### Data extract:
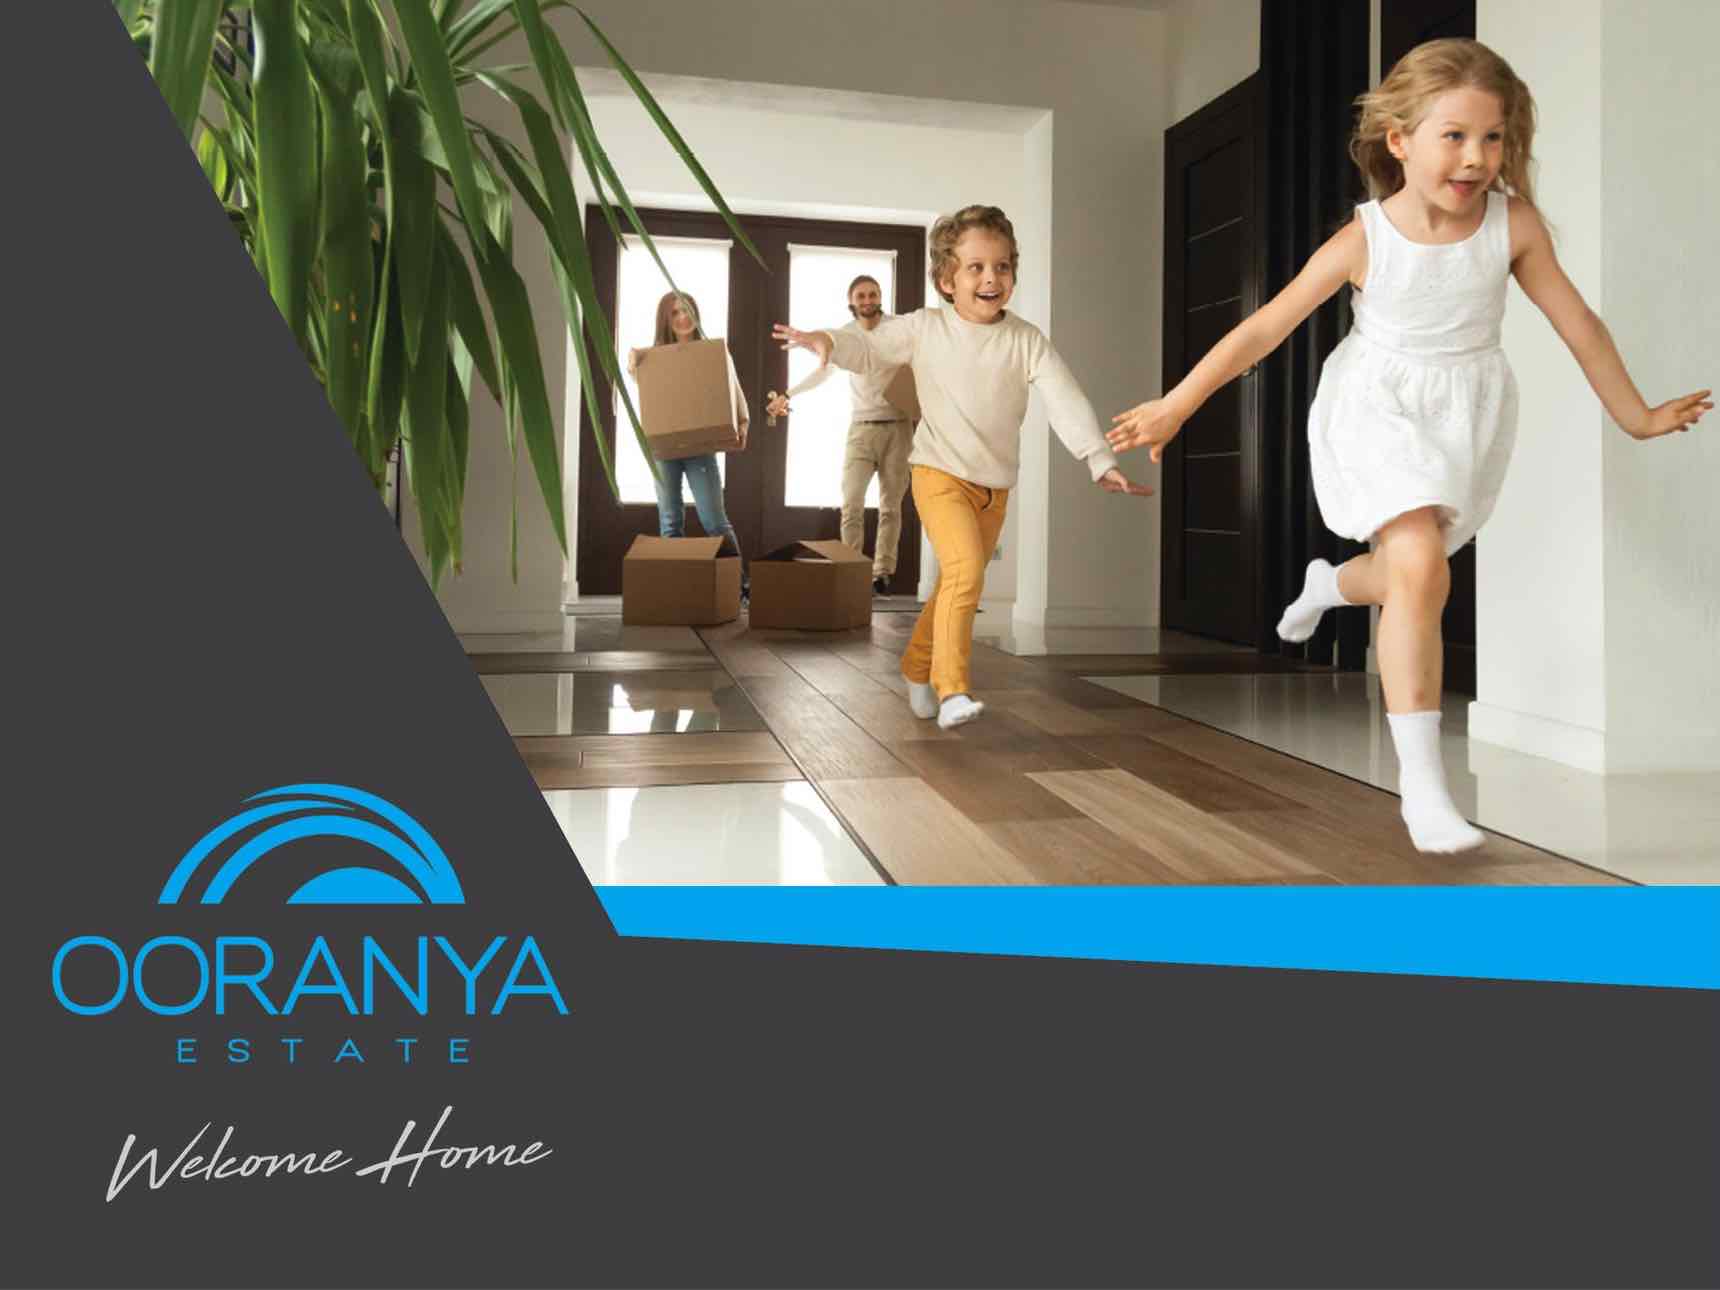 Ooranya Estate - Beveridge Kids
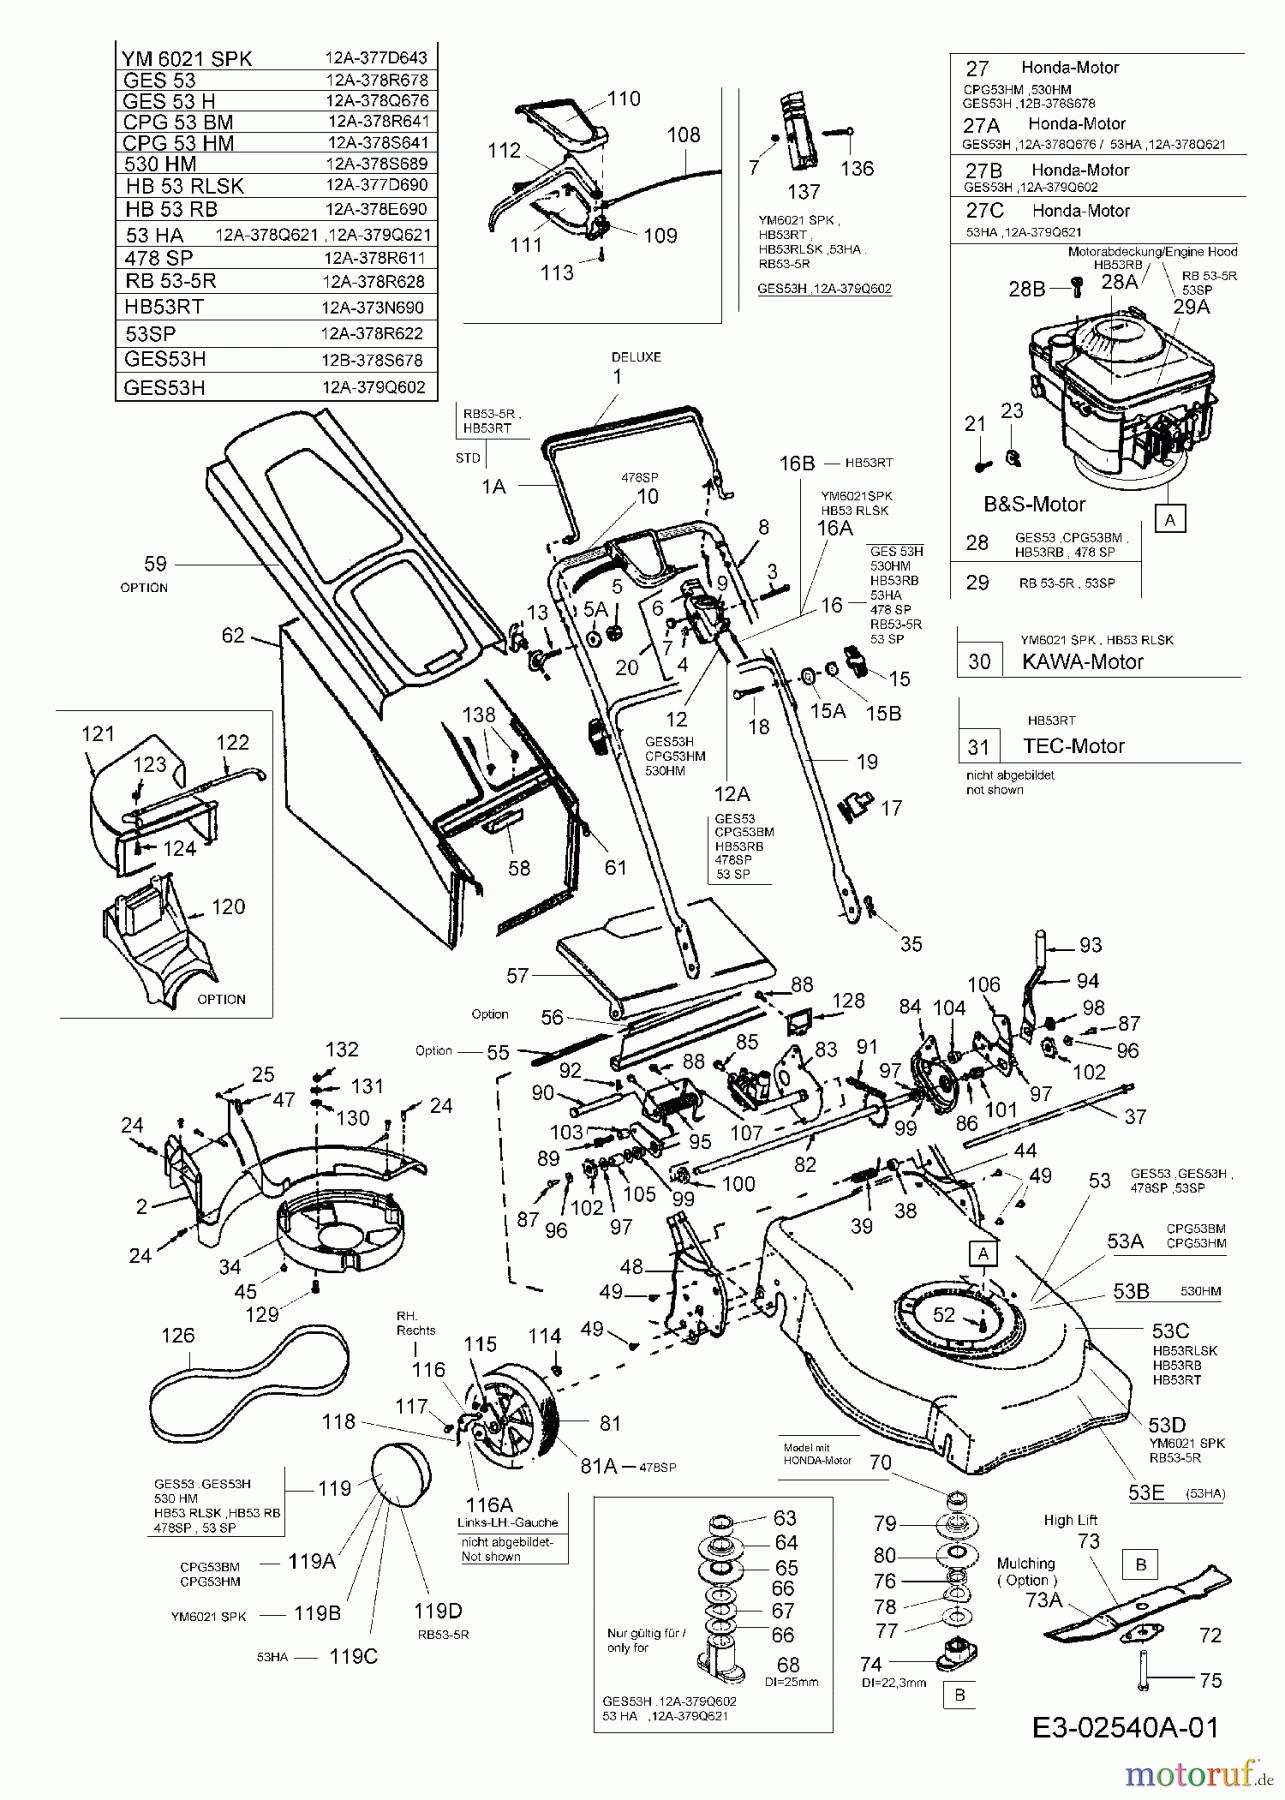  MTD Motormäher mit Antrieb GES 53 12A-378R678  (2005) Grundgerät
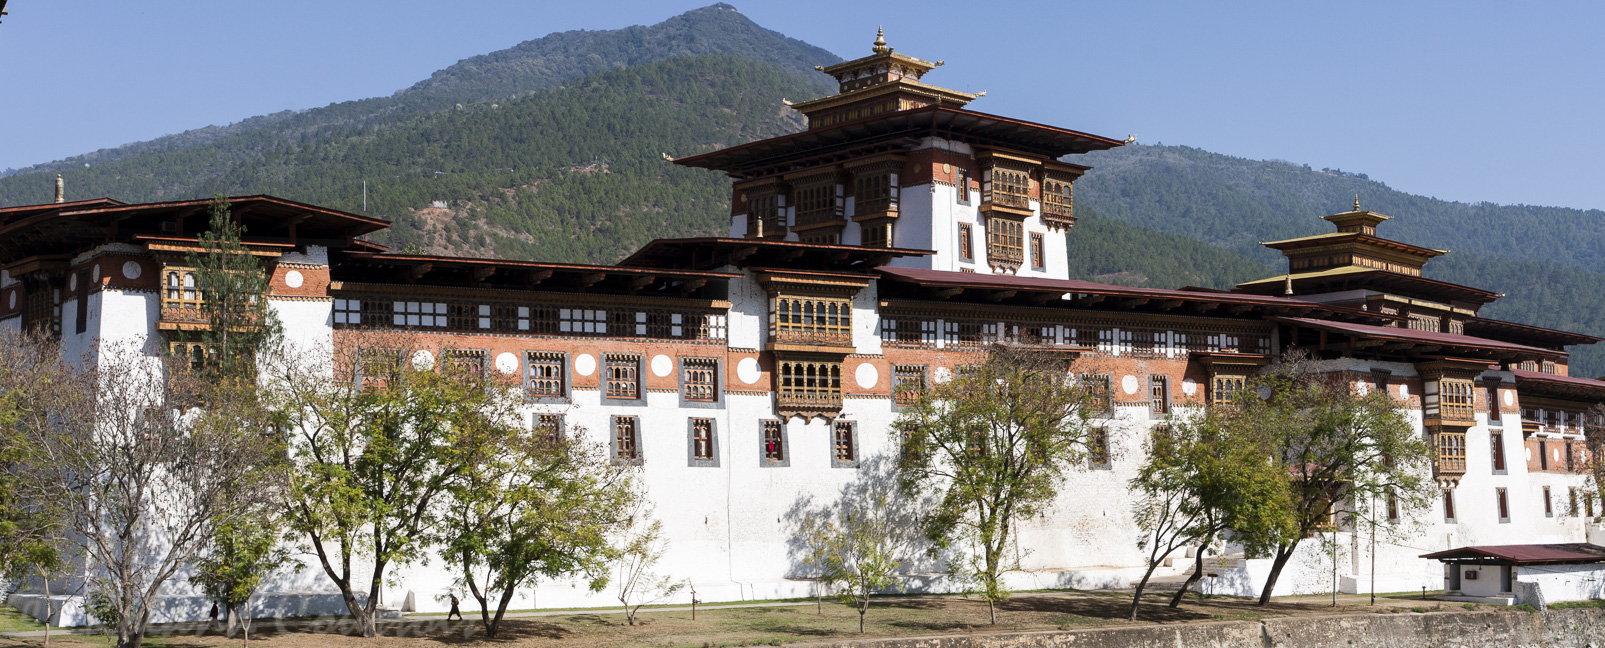 Dzong de Punakha. Ce Dzong fut construit par le Shabdrung, l’unificateur du Bhoutan en 1637.
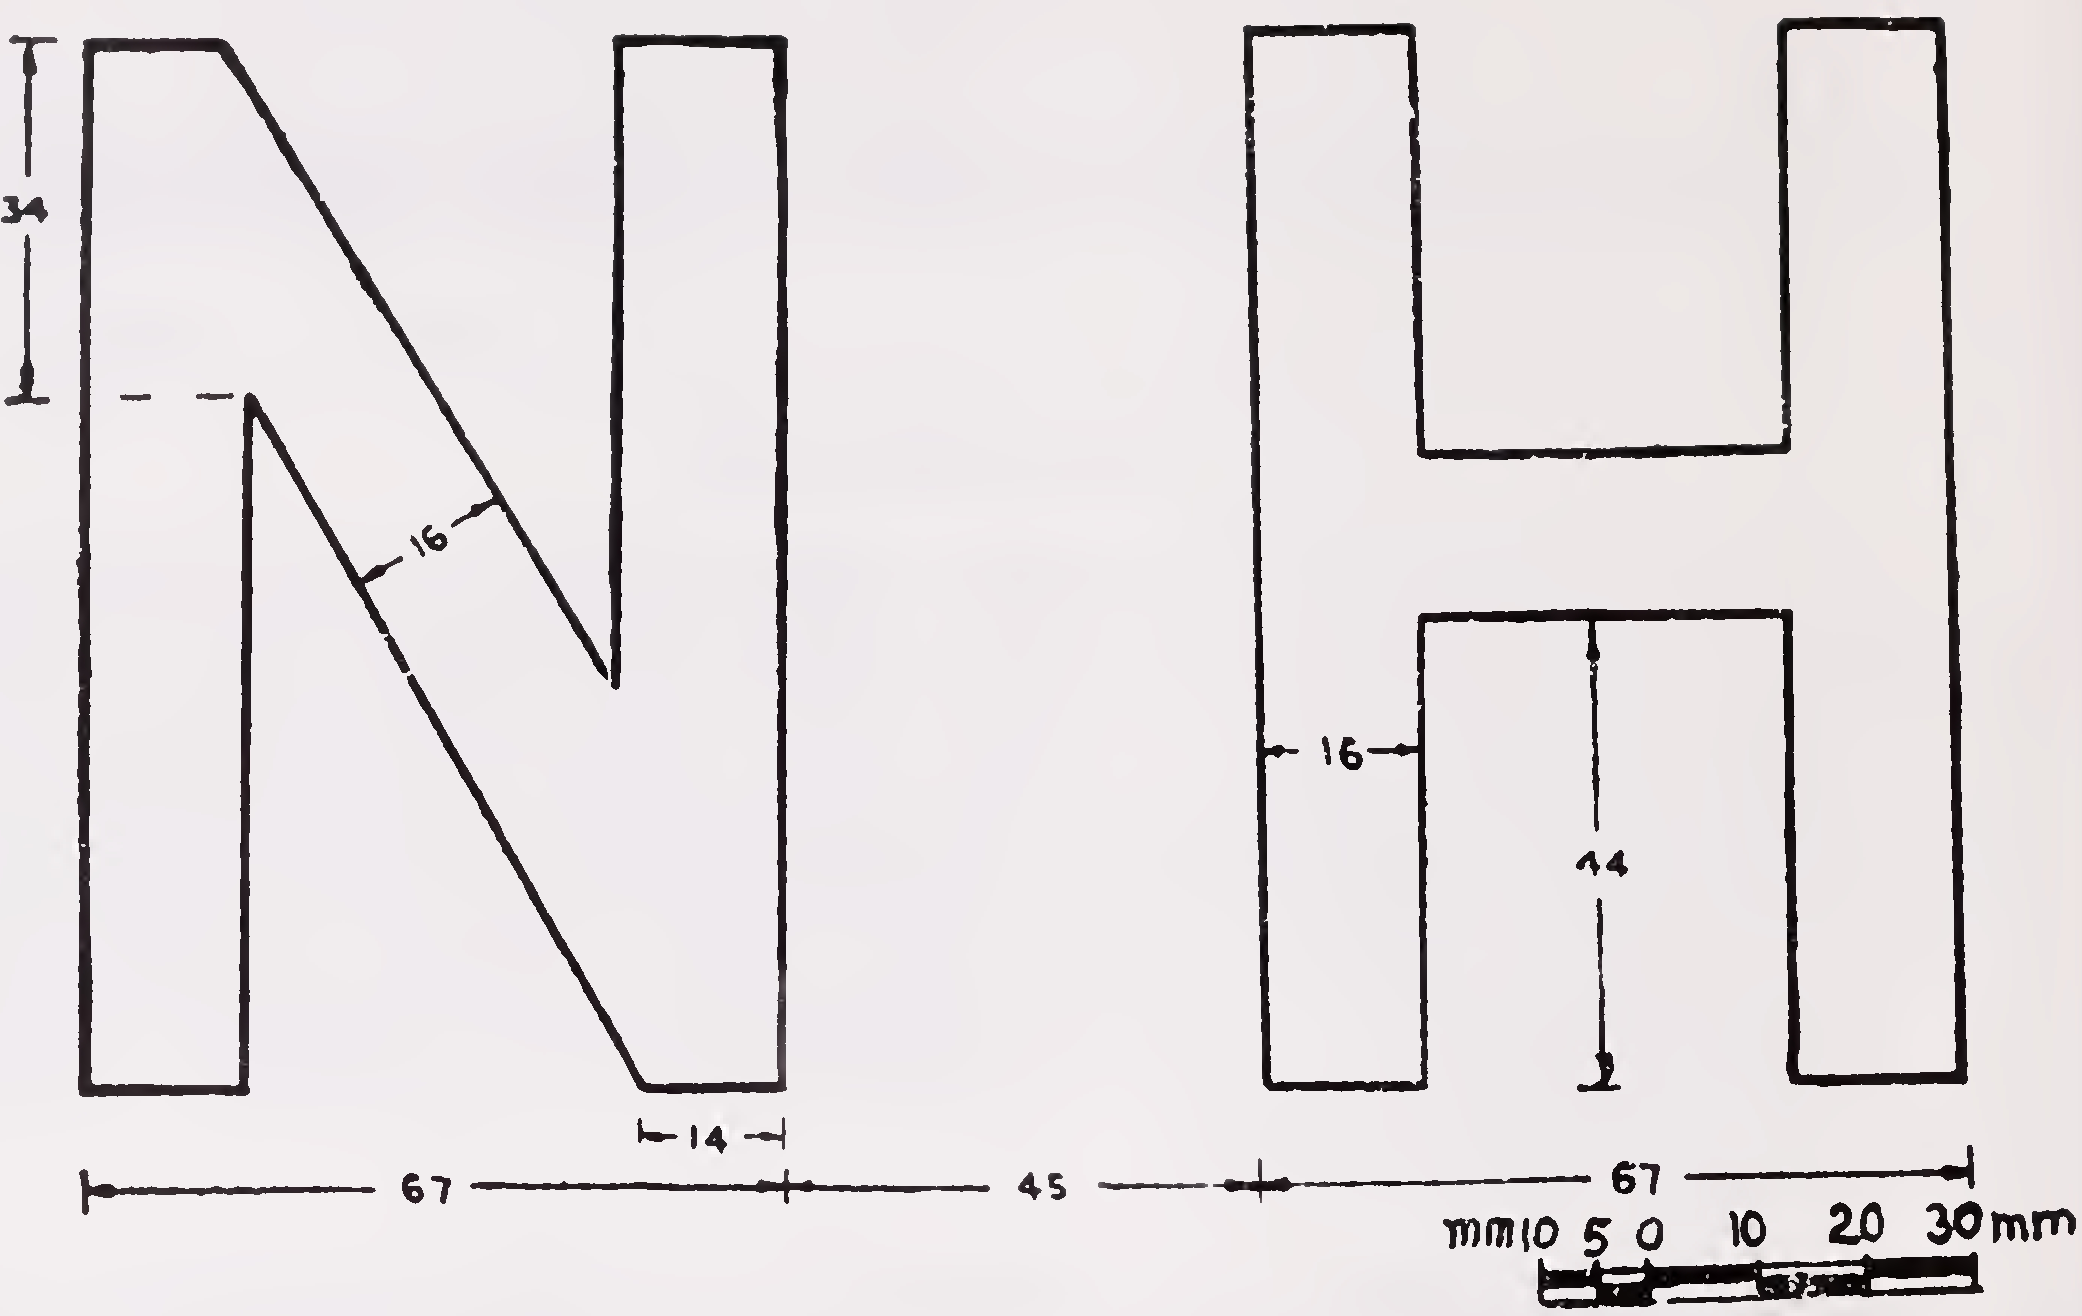 ಅಂಜೂರ -1: 100 ಎಂಎಂ ಎತ್ತರದ ಸ್ಟ್ಯಾಂಡರ್ಡ್ ಲೆಟರ್ಸ್ ಎನ್ ಮತ್ತು ಎಚ್

### Required work:
Exclude the pictures and print the rest of the data exactly.

### Result of this exercise:
 Ooranya Estate - Beveridge Kids
  MTD Motormäher mit Antrieb GES 53 12A-378R678  (2005) Grundgerät
 Dzong de Punakha. Ce Dzong fut construit par le Shabdrung, l’unificateur du Bhoutan en 1637.
 ಅಂಜೂರ -1: 100 ಎಂಎಂ ಎತ್ತರದ ಸ್ಟ್ಯಾಂಡರ್ಡ್ ಲೆಟರ್ಸ್ ಎನ್ ಮತ್ತು ಎಚ್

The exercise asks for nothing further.